Selon le groupe de pression, la question est si vitale que les gouverneurs américains devraient utiliser leurs pouvoirs d’urgence. Et surtout encaisser les taxes qui se sont évaporées, à l’heure où les finances publiques s’apprêtent à être plombées par le ralentissement économique, relève le Wall Street Journal.

Après avoir beaucoup freiné…

On peut quand même se demander pourquoi les casinos n’y avaient pas pensé avant, comme tout le monde. Avoir une plateforme en ligne n’est plus vraiment considéré comme révolutionnaire dans la plupart des secteurs d’activité. En réalité, ils y ont pensé et certains ont déjà développé ce vecteur de revenus supplémentaires.
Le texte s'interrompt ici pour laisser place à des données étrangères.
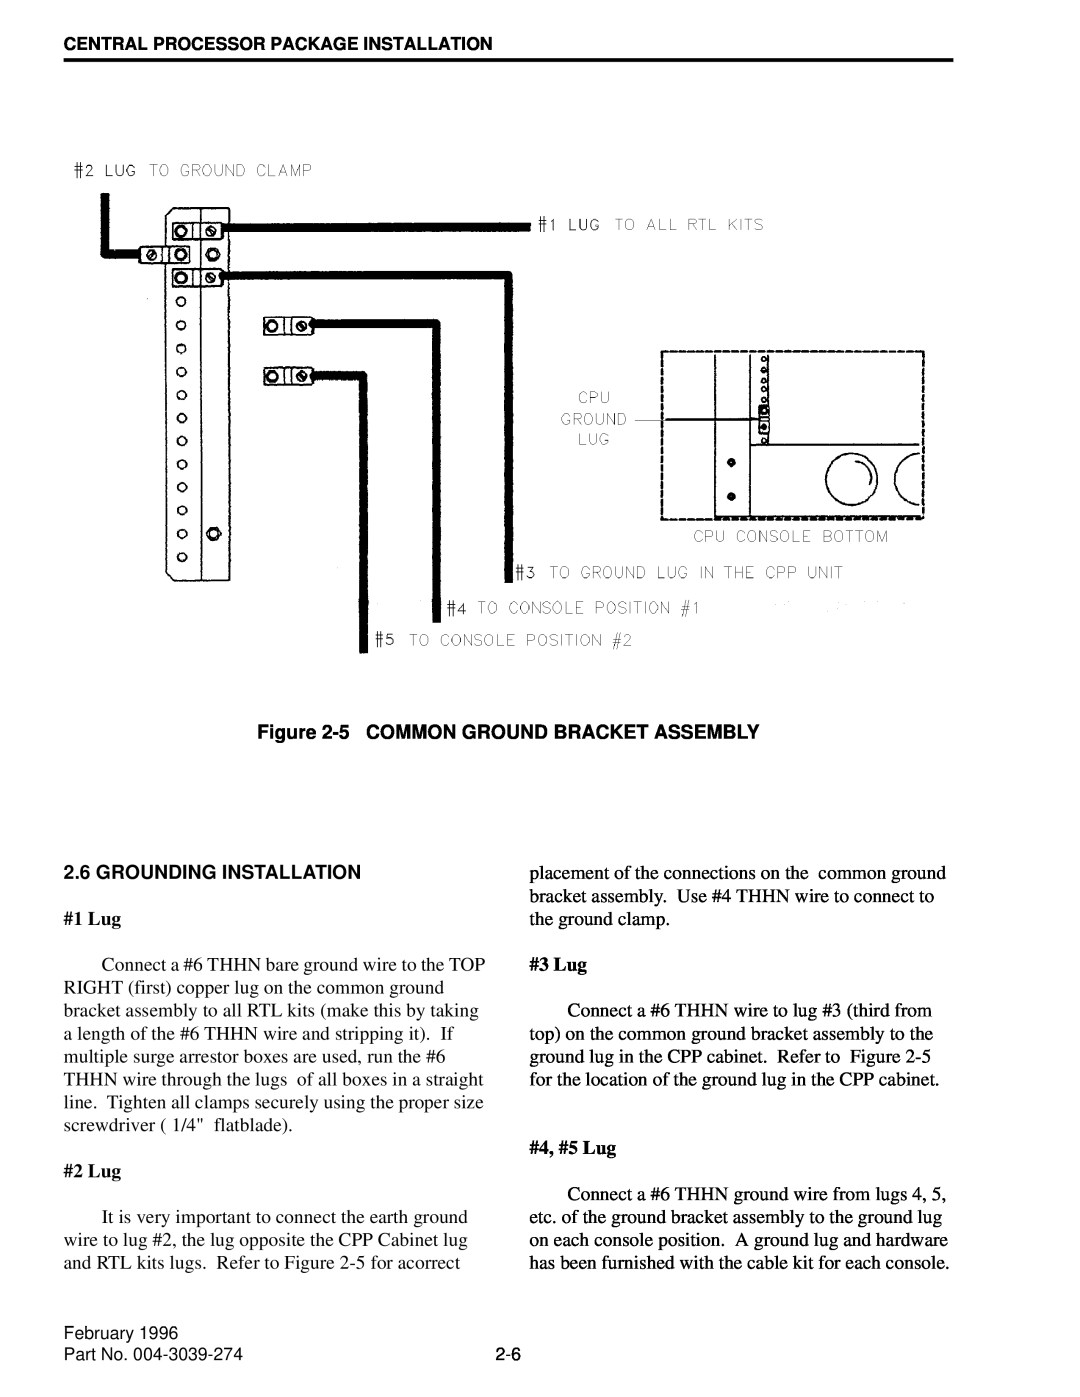 EFJohnson VR-CM50 manual 5COMMON GROUND BRACKET ASSEMBLY, Grounding Installation, #1 Lug, #2 Lug, #3 Lug, #4, #5 Lug 
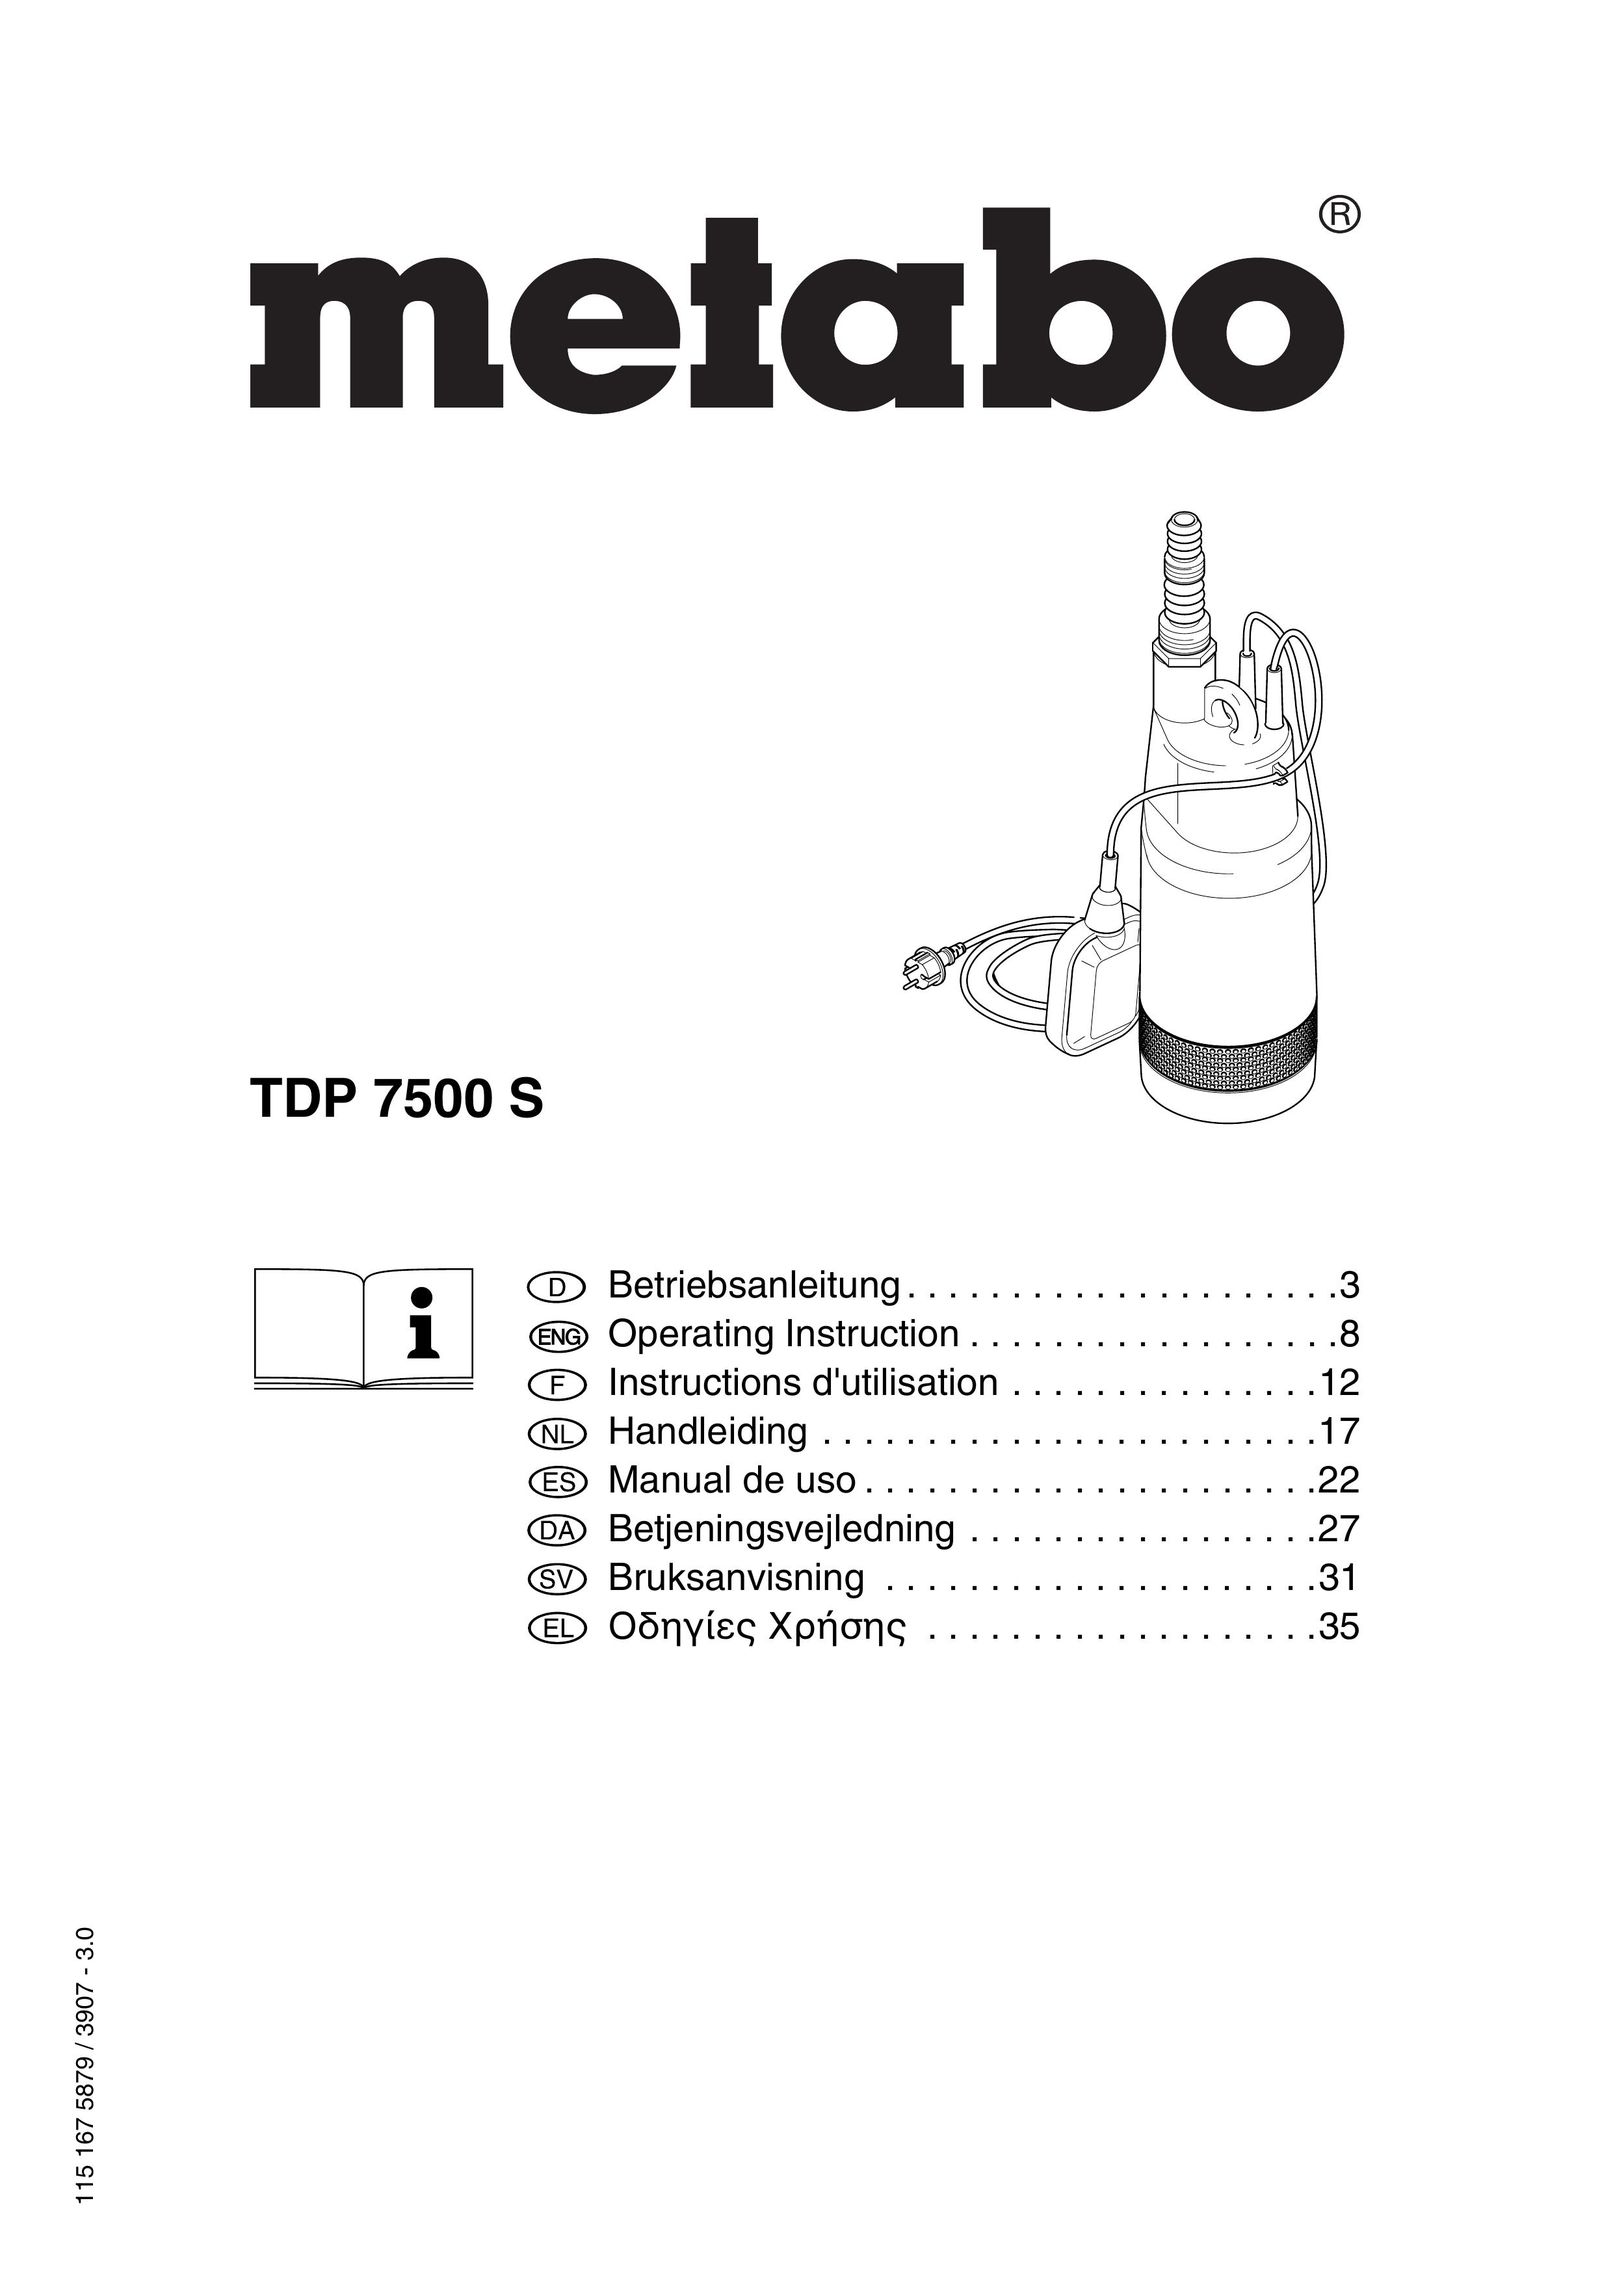 Metabo TDP 7500 S Plumbing Product User Manual

Mais les opérateurs historiques, ceux qui pèsent vraiment, ont toujours considéré internet comme une menace pour leurs casinos ayant pignon sur rue. La crise les pousse maintenant à innover.

Ce ne sera pas particulièrement facile. Les autorités américaines ont certainement d’autres chats à fouetter. En outre, 14 Etats ayant des projets de loi sur le jeu en ligne ont suspendu ou annulé leurs sessions législatives. Enfin, pouvoir jouer à la roulette ou au poker depuis son canapé, 24h/24, pourrait créer des problèmes d’addiction ou de jeu compulsif. Utiliser les pouvoirs d’urgence pour légaliser quelque chose de néfaste pour une partie des utilisateurs n’est peut-être pas l’idée du siècle, relève le directeur d’une association contre les problèmes de jeu. Le lobby des casinos a déjà sa réponse: les sites illégaux de jeu en ligne le font déjà, pourquoi pas nous?